When considering the numerous comic books that have been made into successful films recently it is evident that we, as average civilians, are drawn to the supernatural crime-fighting theme. In just a few years we have seen two Iron Man blockbuster hits,  Thor, a taste of Captain America, an appearance from The Avengers and finally, most recently, The Amazing Spider-Man. When dissected to the bare bones the comic-book films are quite formulaic, and it is only the quality of the ingredients mixed into the formula that determine the critical success of such films. Action and plot are two basic elements the recipe relies on, and director Mark Webb’s balance of these commodities in The Amazing Spider-Man creates a product, worthy of the Marvel franchise.

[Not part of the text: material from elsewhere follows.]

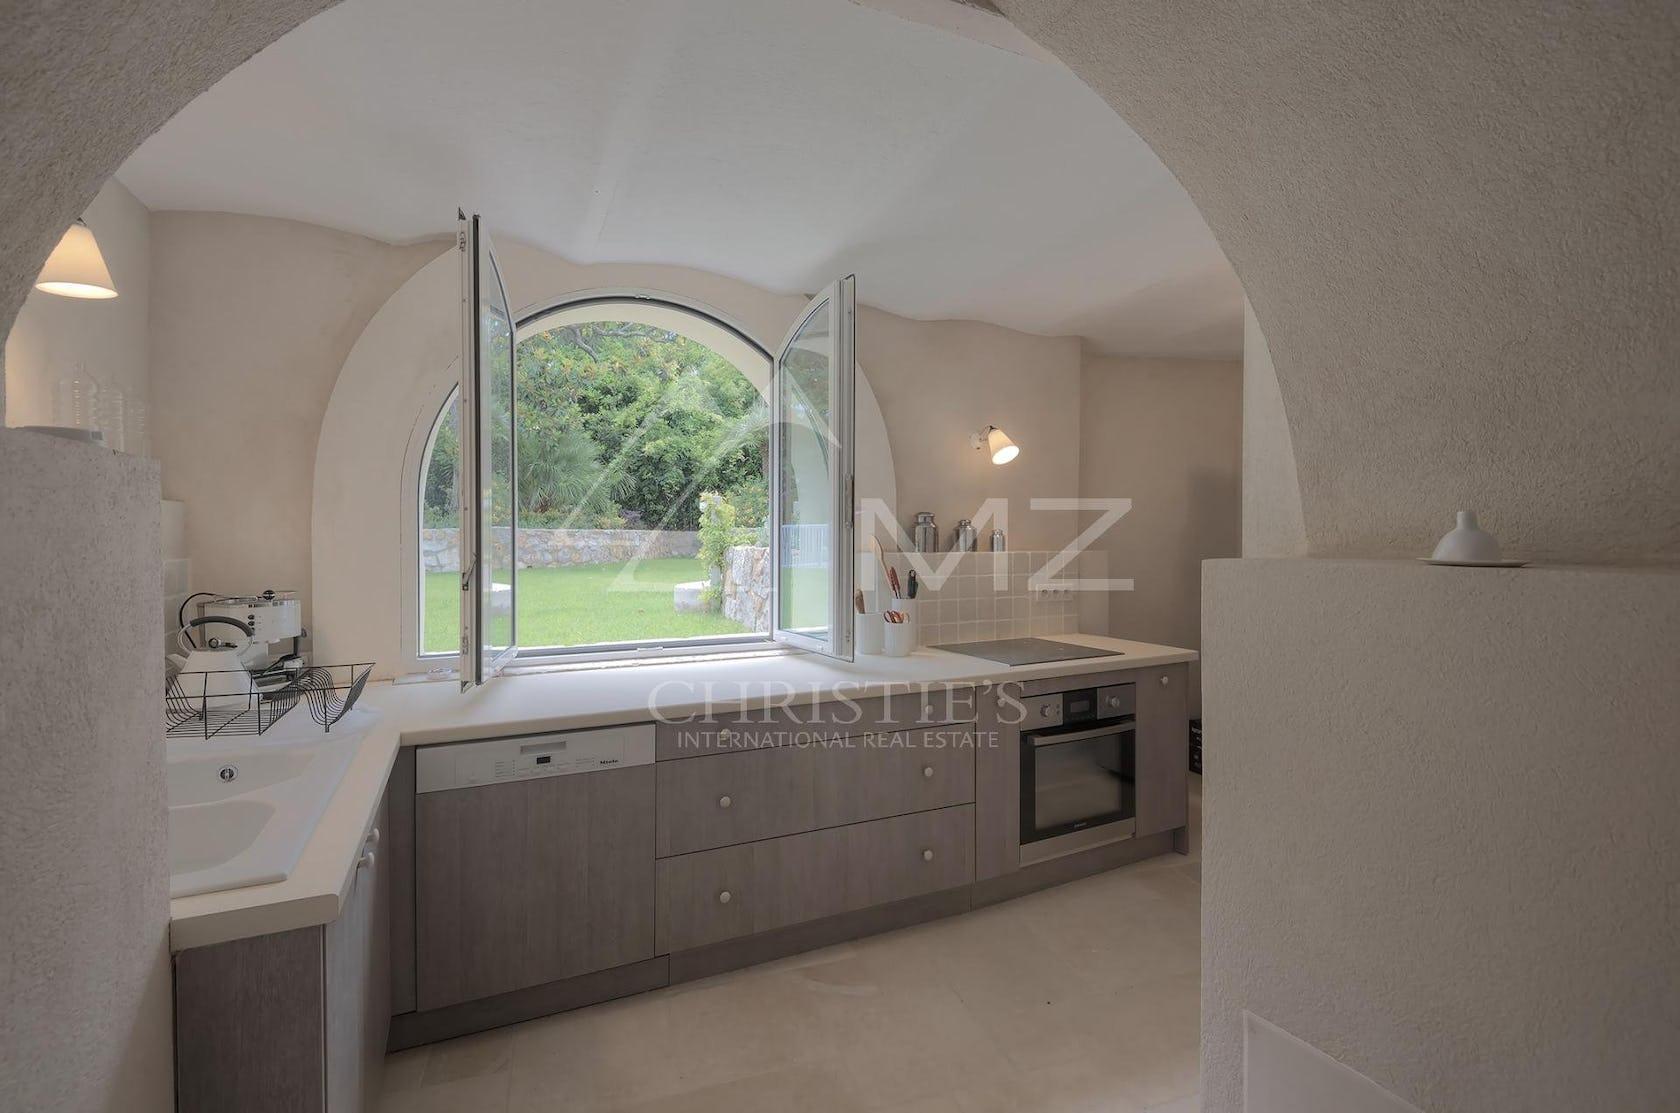 room indoors interior design kitchen

Andrew Garfield, known for his role as the ex-business partner of Mark Zuckerburg in The Social Network, brings a certain quality to the character of Peter Parker that has not been a focus in previous interpretations of the comic. Parker has always been recognized as a social outcast, a troubled teen who is somewhat alone in the world and looking for a purpose, but Garfield exceeds this expectation in his performance by magnifying the true adolescence of Parker’s character. He is tall and scrawny, not at all built like a typical ass-kicking hero, and even after being bit by a radioactive spider he is still awkward and not entirely sure of himself. As he grows accustomed to his powers he gains confidence, but the transformation into the superhero psyche doesn’t happen immediately. Most the film takes place in either Parker’s high school, or on the rough streets of New York City, and the contrast between the two environments highlights the growth of Parker’s character. In the same day, he desperately summons up the courage to ask out Gwen Stacey (played by Emma Stone,) and practices climbing up walls. Instead of mere web-shooting and face-punching, we see depth and the emotional struggle one might face if they were in the position Peter Parker is in. The drama is balanced by humour, and Garfield gives us a window into how a teenage boy could react when transforming from awkward and shy high-schooler into a superhuman. Webb has Parker mature from Spider-boy into Spider-Man, and it is this “growing-up” angle to the film that makes it original.

The other great expectation of a comic book movie is the action element, and it is in this category where the film does not exceed. The graphics are good, much like in other recent films, and the battles between Spider-Man and the evil lizard-monster, though not cheesy or overacted, are not brilliant. The fight scenes are formulaic, the action is textbook, and the tension does not quite build to the breaking point. The plot itself is rather convenient, but we are not watching The Amazing Spider-Man merely for the 136 minutes of dialogue and building-leaping. Instead, we are investing in Garfield’s performance and the introduction of a new hero who is full of promise in case of any other instance the world might be threatened in the Marvel future.

In mixing together these ingredients, Webb has created a new web for Spiderman (sorry, it had to be done). The offshoots include several legitimately funny instances of Parker struggling with his newfound powers in typical modern situations. To weave together the new placement of an old hero, Webb uses classic elements of the Spiderman franchise that would be a travesty to ignore, such as the red costume and the nerdy glasses. Garfield’s earnest performance and the strong artistic and visual effects strengthen the strands of the web, but at the center there is character. The exploration into Peter Parker’s person and the events that cause him to become a hero make The Amazing Spider-Man a movie worth watching, and the attention to humanity in the superhuman is what makes the film an important chapter in the Marvel series.